CD4 T-cells are recruited 24 h after a stroke, but peak infiltration occurs 3–4 days after the stroke (Stevens et al., 2002). While there are a variety of CD4 T-cell subsets, the Th1 subset has shown promotion of stroke neuropathology. Gu et al. (2012) compared Th1, Th2, and a Treg knockout mice and saw a more significant decrease in infarct volume in the Th1 knockout and a lower neurological score compared to the other groups, supporting the hypothesis that the Th1 subset promotes stroke neuropathology. The α7-nAChR is found on CD4 T-cells, and the literature shows that cholinergic signaling can attenuate inflammatory CD4 T-cells, and the receptor expression exponentially increases after the CD4 T-cells become activated (Nizri et al., 2009). In an animal model of multiple sclerosis that was treated with nicotine, an α7-nAChR agonist, the authors saw a decrease in Th1 transcription factor and Th1 cytokines (IFN-y, TNF-a), an increase in Th2 transcription factor GATA-3, a reduction in IL-10, an increase in IL-4, and a decrease in IL-17. Their work demonstrated that α7-nAChR agonist can modulate CD4 T-cells (Nizri et al., 2009). However, our data demonstrated no changes in the inflammatory Th1 (CD4+IFNY+) and Th17 (CD4+IL-17A+), the anti-inflammatory Th2 (CD4+IL-4+), and the T regulatory (CD4+FOXP3+) CD4 T-cell phenotype in the PNU-treated group compared to the vehicle-treated group in both the spleen and cervical lymph nodes. There was also no difference in the Th1 to Th2 ratio between the groups. This may reflect a lack of protection at 3 days post-tMCAO, supporting the time-dependent efficacy of PNU-120596 in the mouse stroke model.
Future research should explore three main areas. First, investigating different dosage regimens and timing is paramount.
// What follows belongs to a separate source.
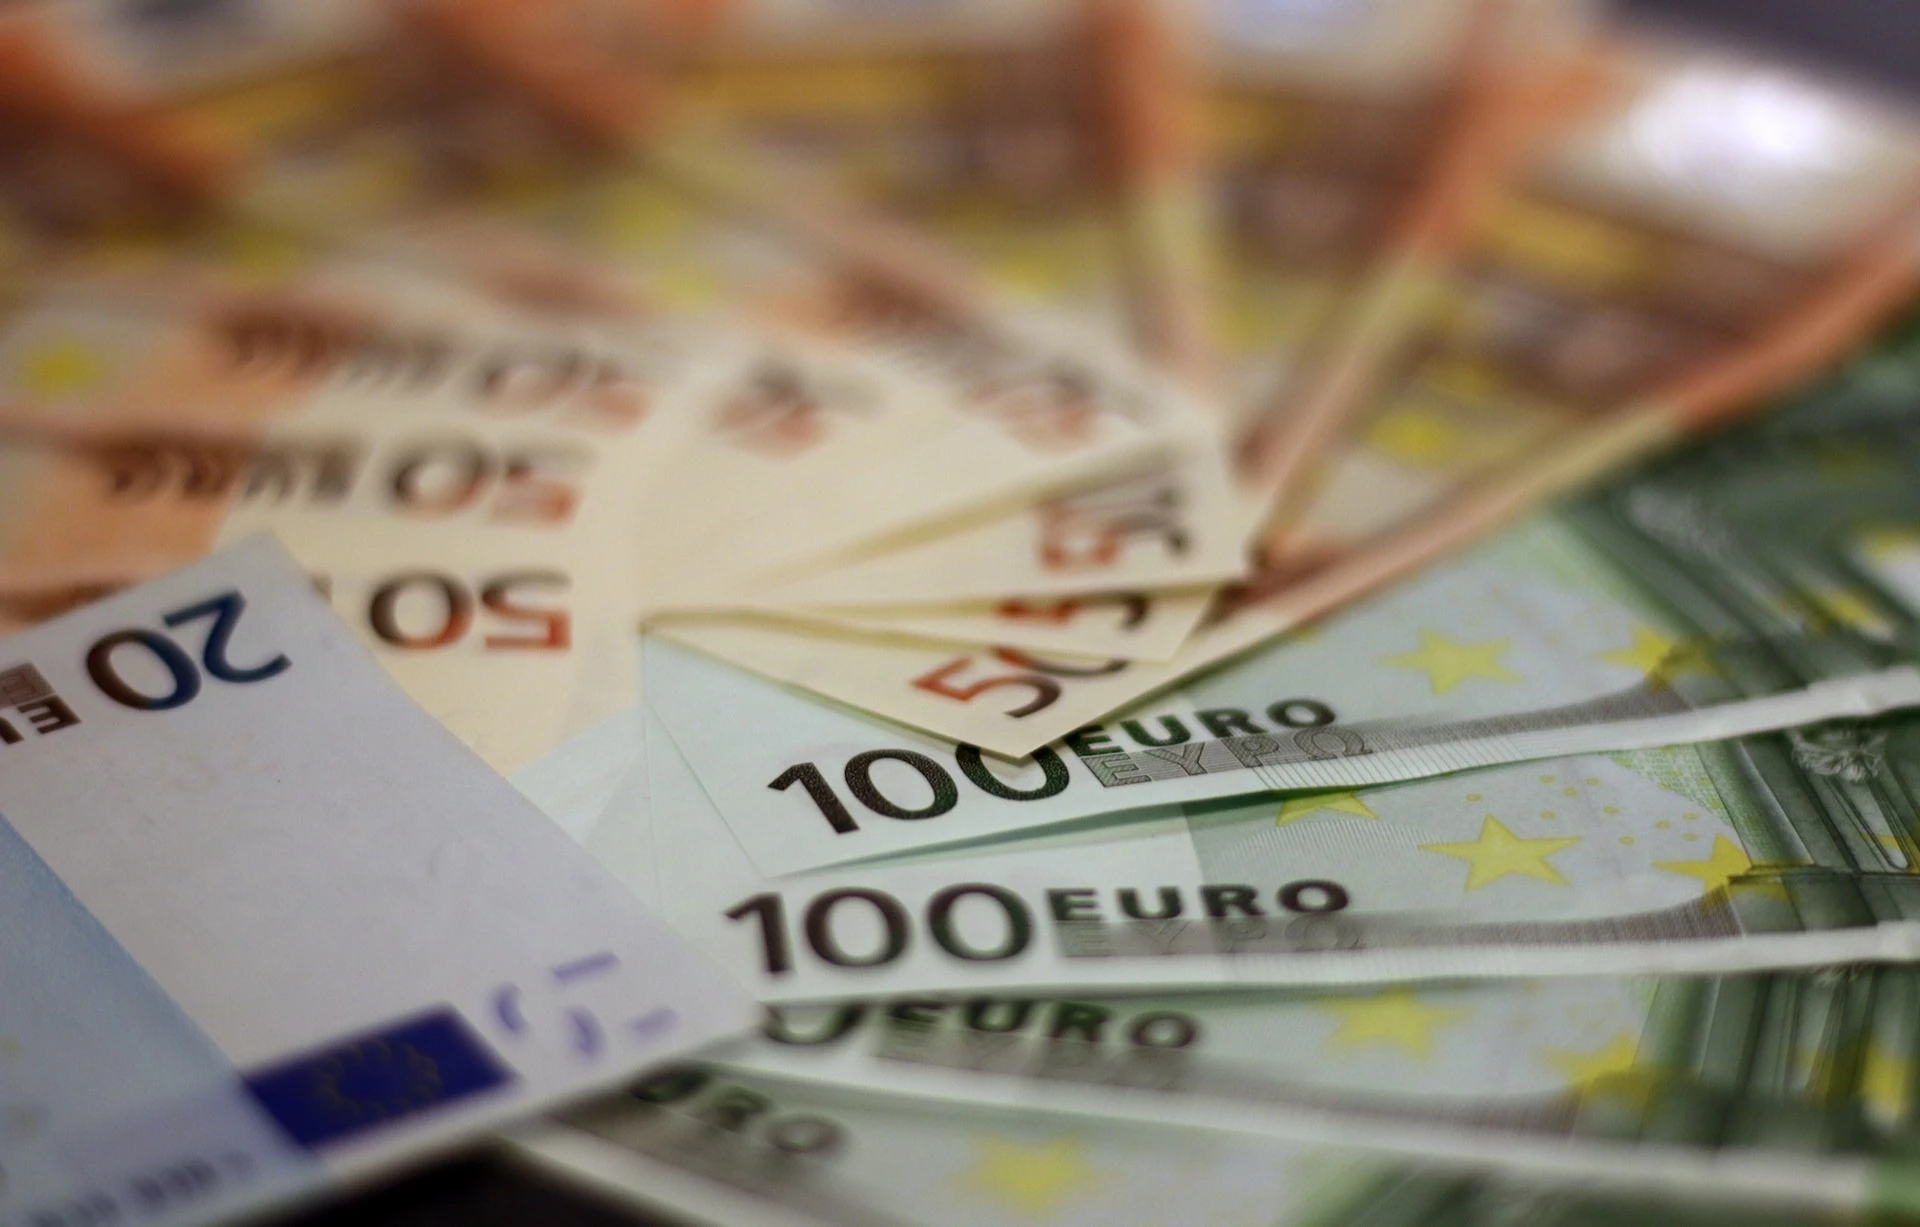 Metalo laužo supirkėjas Skuode įtariamas nesumokėjęs per 130 tūkst. eurų mokesčių

Especially since type II PAMs could lead to unregulated receptor activation, disrupting calcium homeostasis and causing cell death - particularly during a stroke as choline levels significantly increase (Williams et al., 2012). In our study, PNU administration immediately followed stroke induction, and although this may have an effect on the neurological aspect of stroke, stroke-induced inflammation may not have reached its apex; thus, future research should evaluate delayed PNU administration. Additionally, future research should test varying dosage levels. The pharmacology kinetics in mice may differ significantly, and dosages that were effective in previous rat studies may not be efficacious in mice. For the same reason, future investigations should also consider extending treatment duration.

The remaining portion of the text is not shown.